St. Mary Historic District is a national historic district located at Lafayette, Tippecanoe County, Indiana.  In 1864, St. Mary's Catholic Church relocated from its original site at Fifth and Brown Streets to Columbia Street. With the move, many of the congregation also moved to this area. The Church became both a religious and social center for the neighborhood.
Many of the homes date from the 1860s and 1870s and include fine examples of the Italianate, Greek Revival and Queen Anne styles as well as vernacular house types. Most of the people who built in this area were Lafayette businessmen. At 1202 Columbia Street James Ball, a local wholesale grocer left his name stamped into the front steps. Across the street is the James H. Ward House, who along with his brother, William, owned a local carpet and wallpaper business.

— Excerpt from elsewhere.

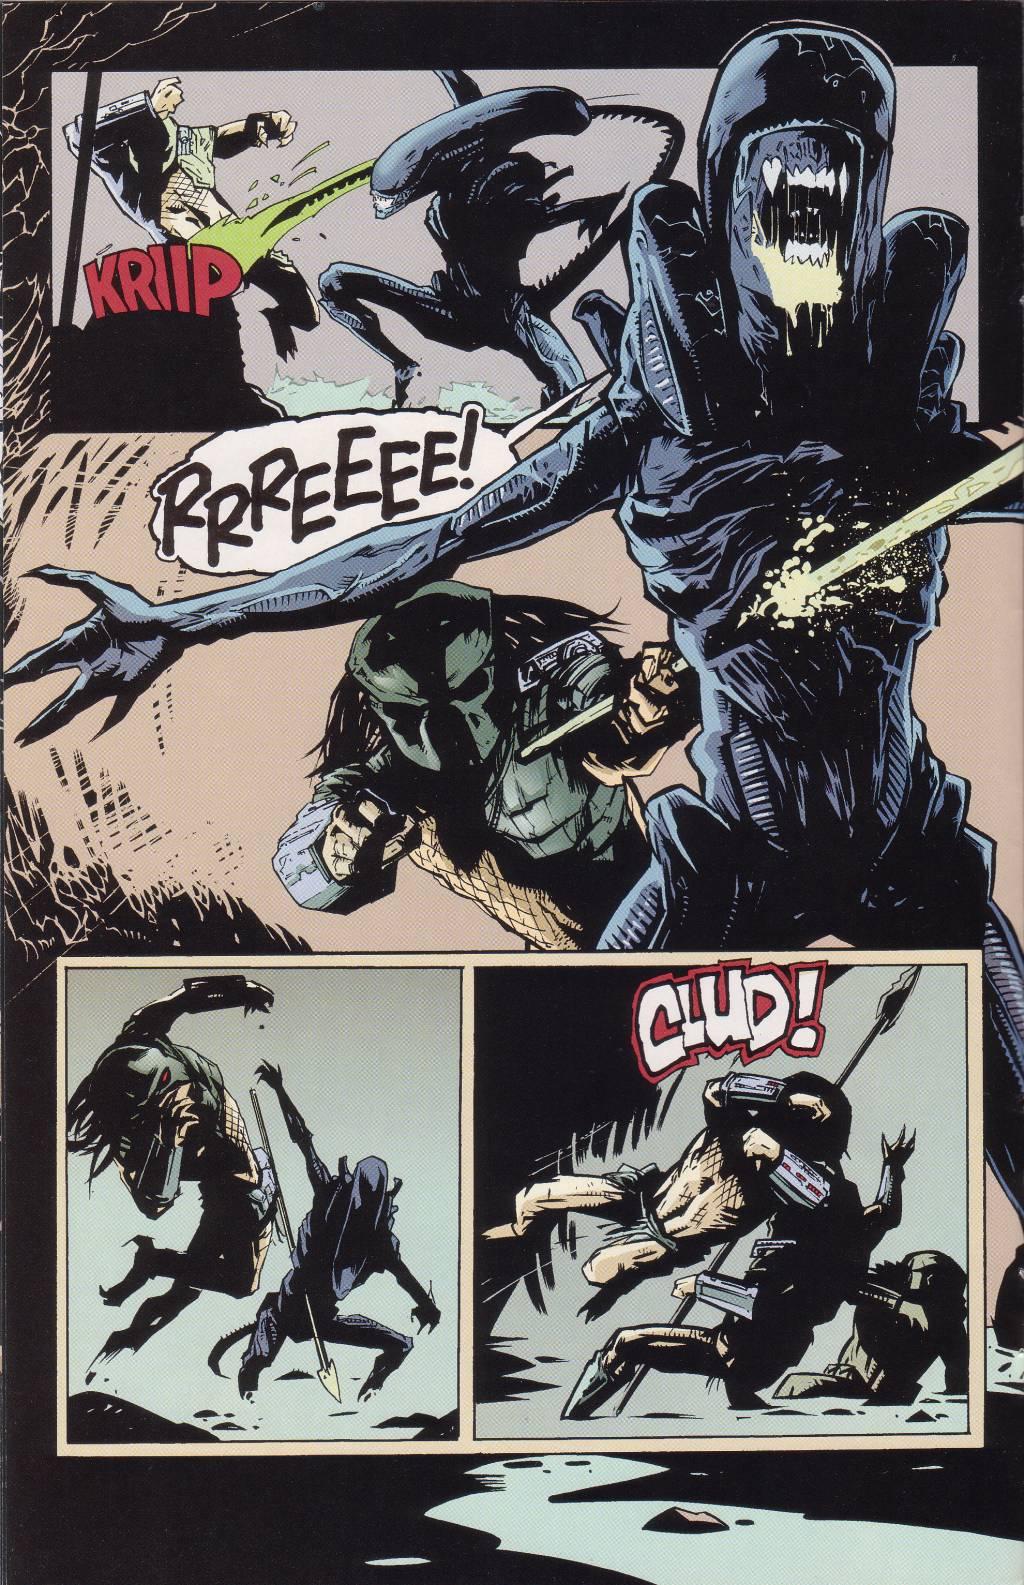 Бэтмен против Чужого?! Безумные комикс-кроссоверы сксеноморфами | Канобу - Изображение 8
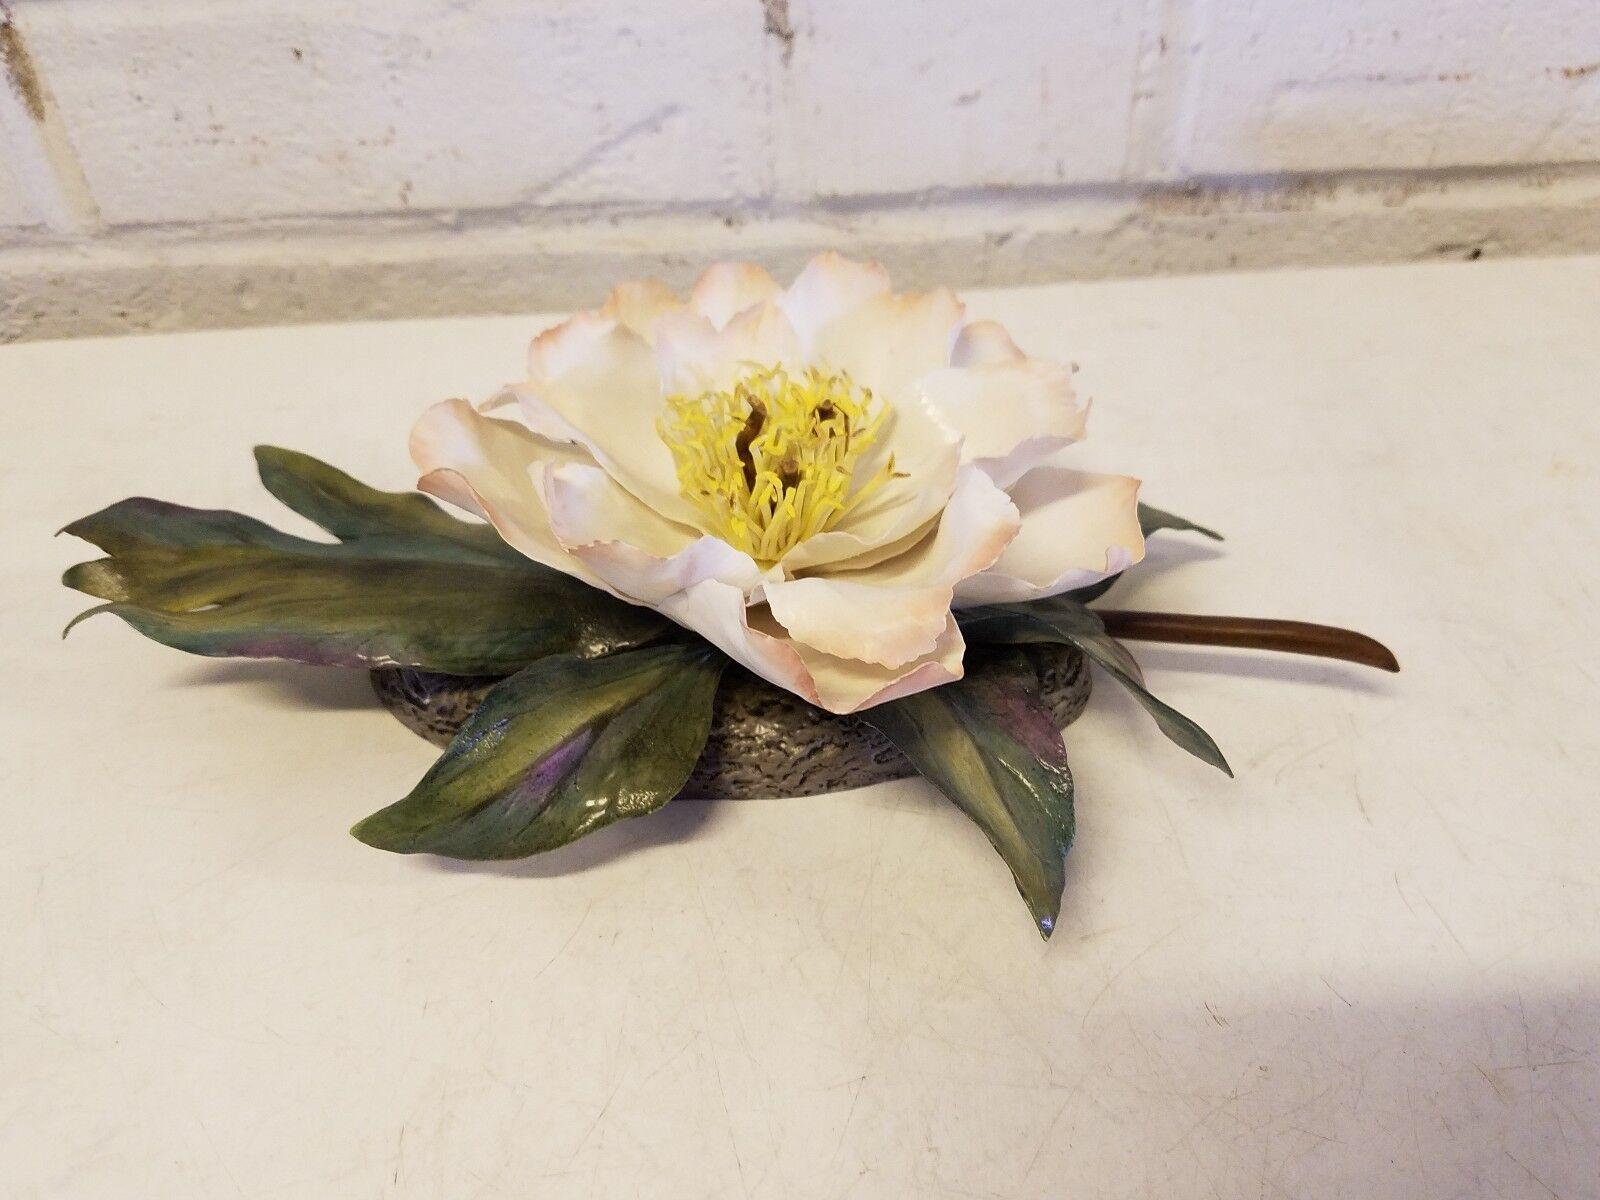 los últimos modelos Vintage Boehm Porcelana Pequeño blancoo blancoo blancoo Floral Stem Flor de Amapola  saludable

James Murdock House moved onto Columbia Street in approximately 1891 after he left Michigan City, where he had been the warden of the state prison He was the operator of a grocery and produce business and in bridge and road construction. The home was sold to Ferdinand Dryfus who, with his brother Leopold, ran the Dryfus Packing and Provision Company.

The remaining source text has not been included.